Work to be completed:
Below are entries; output exactly the lines from the one with "Comment RICK and" to the one with "#art #artcollector #artgall", both included, and nothing else.

Entries shown:

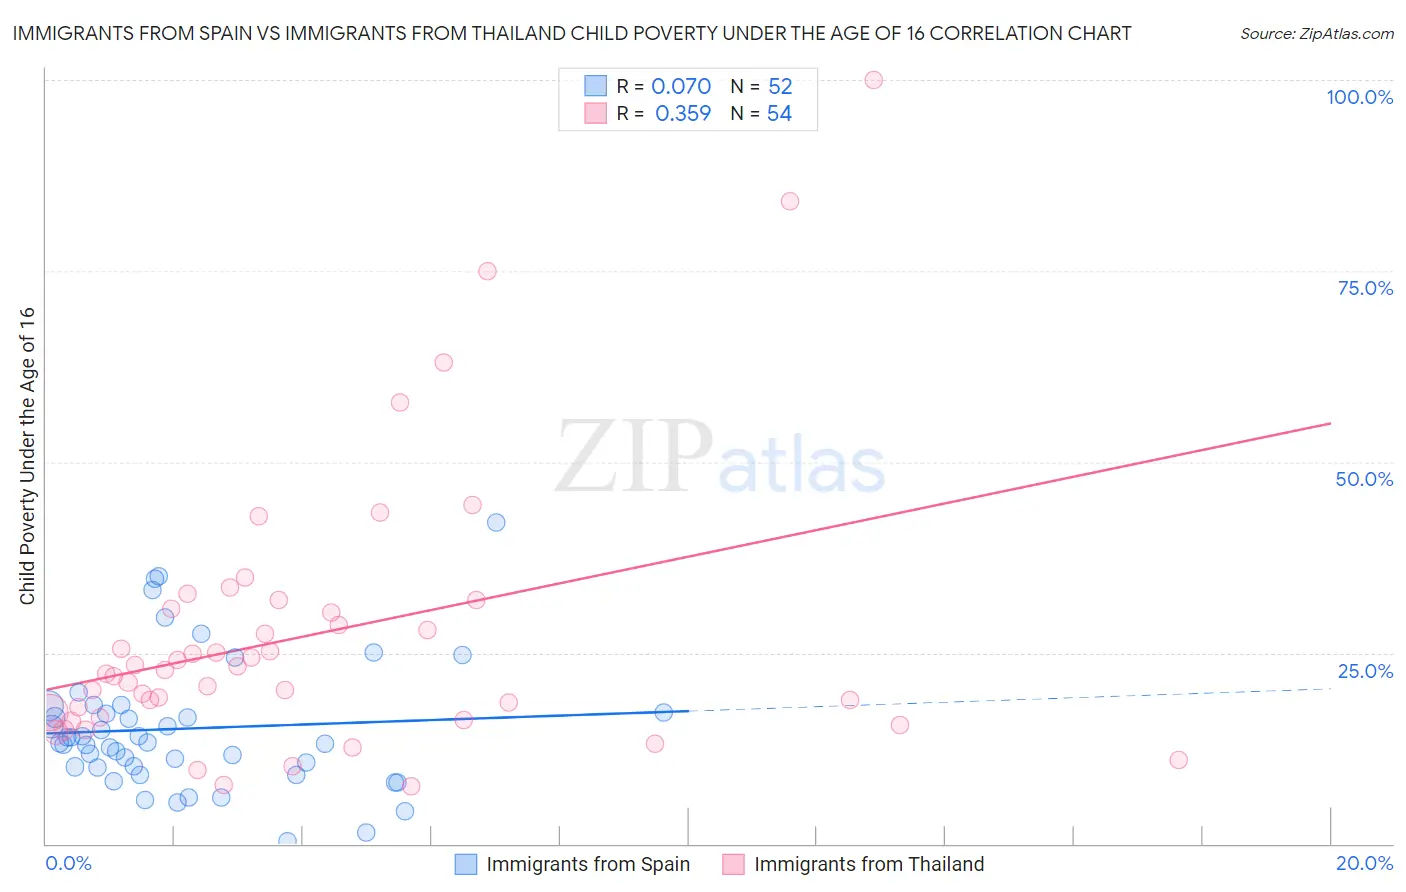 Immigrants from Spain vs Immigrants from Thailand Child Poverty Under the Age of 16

--

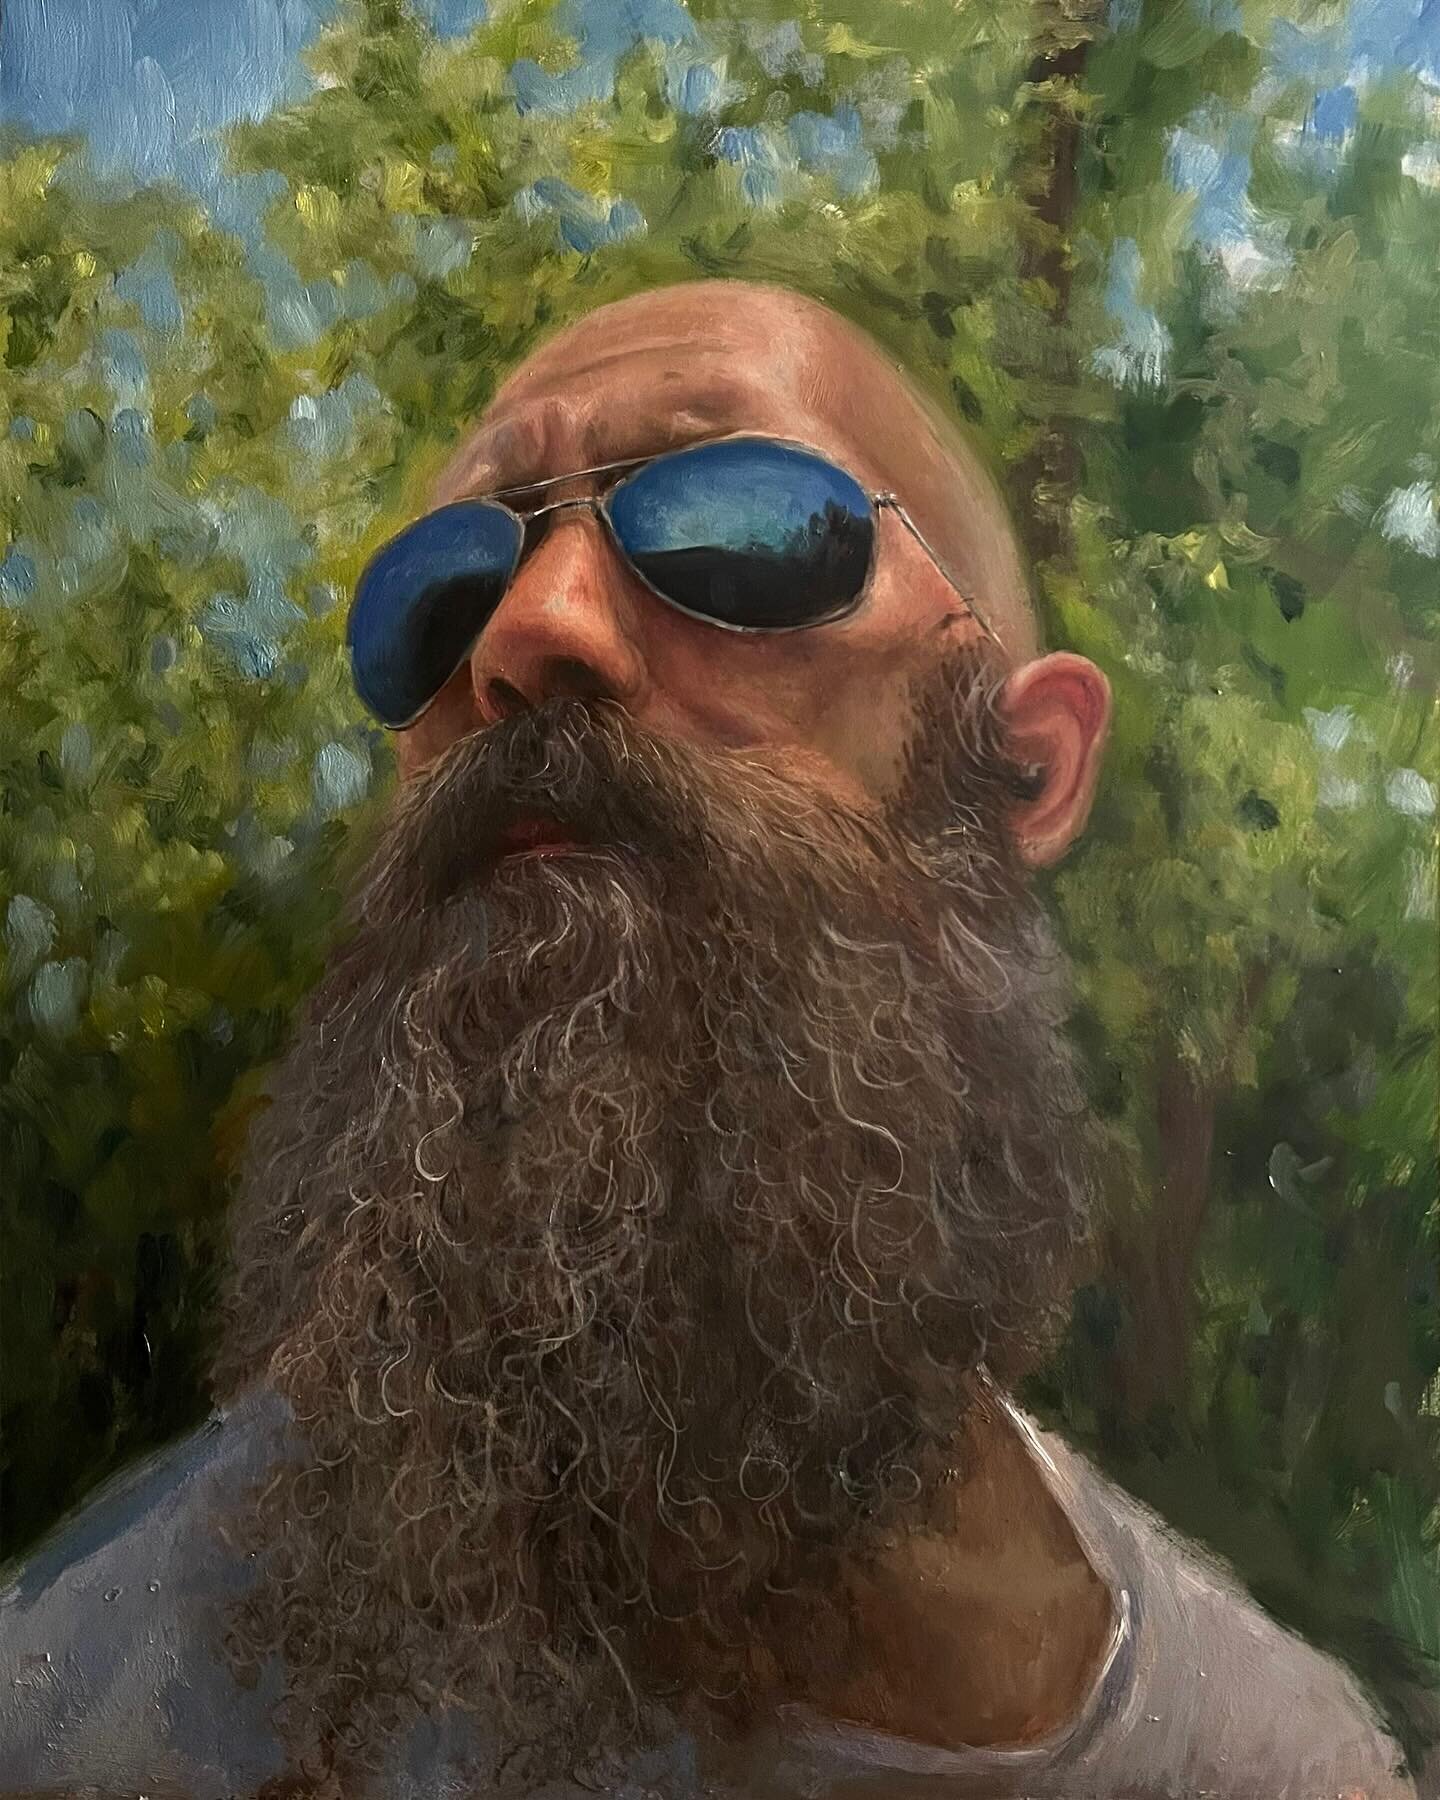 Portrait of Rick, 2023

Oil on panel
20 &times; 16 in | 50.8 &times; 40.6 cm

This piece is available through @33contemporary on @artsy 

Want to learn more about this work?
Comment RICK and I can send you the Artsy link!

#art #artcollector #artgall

==

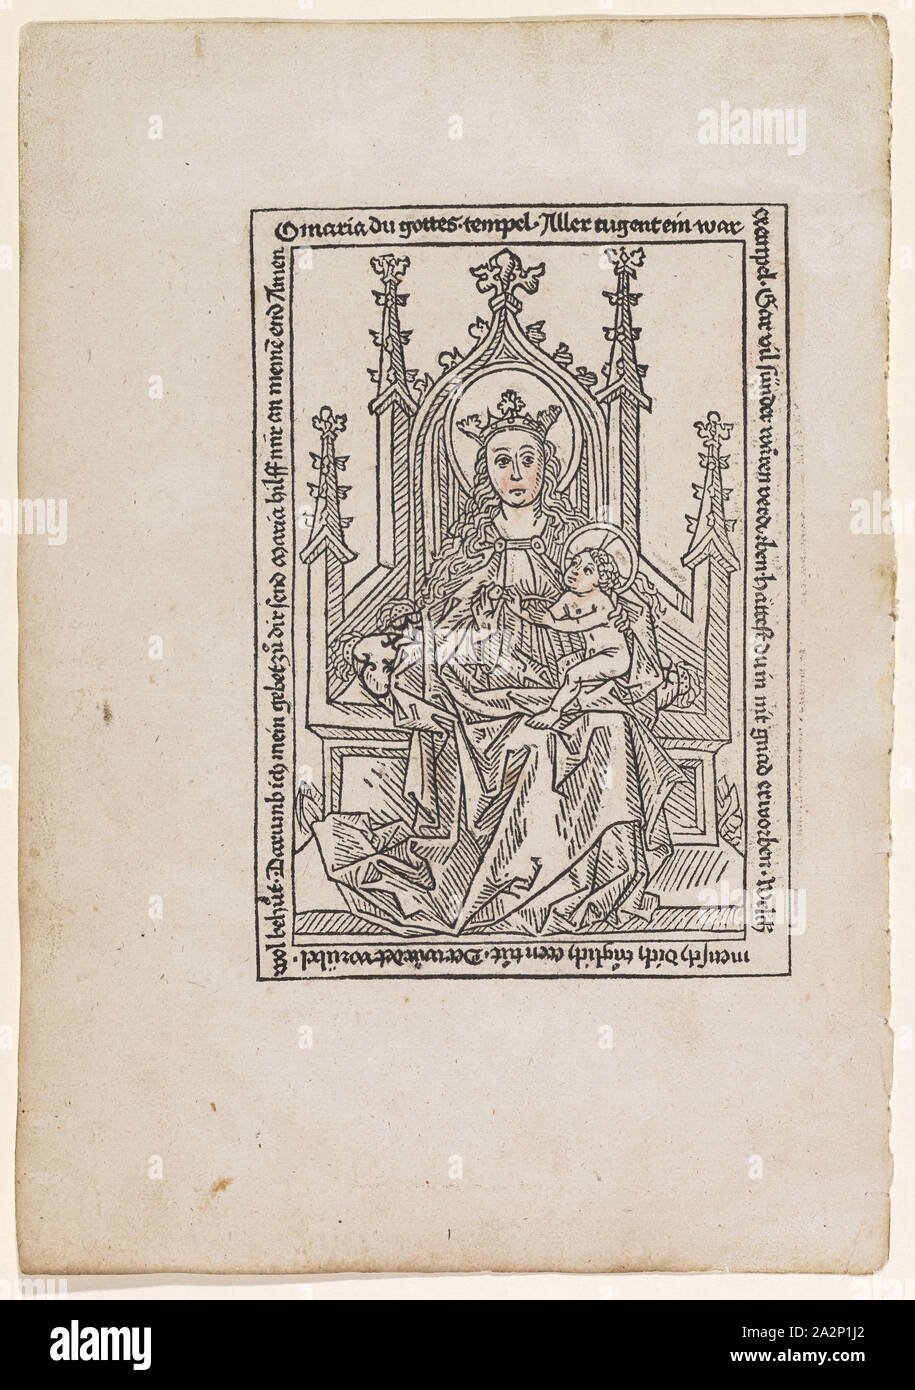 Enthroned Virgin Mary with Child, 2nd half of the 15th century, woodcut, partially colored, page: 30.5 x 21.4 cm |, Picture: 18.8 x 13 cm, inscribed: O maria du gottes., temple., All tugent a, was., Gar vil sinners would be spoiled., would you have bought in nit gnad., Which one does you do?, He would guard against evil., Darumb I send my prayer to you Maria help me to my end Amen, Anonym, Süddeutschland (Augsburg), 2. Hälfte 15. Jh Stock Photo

Expected answer:
Comment RICK and I can send you the Artsy link!

#art #artcollector #artgall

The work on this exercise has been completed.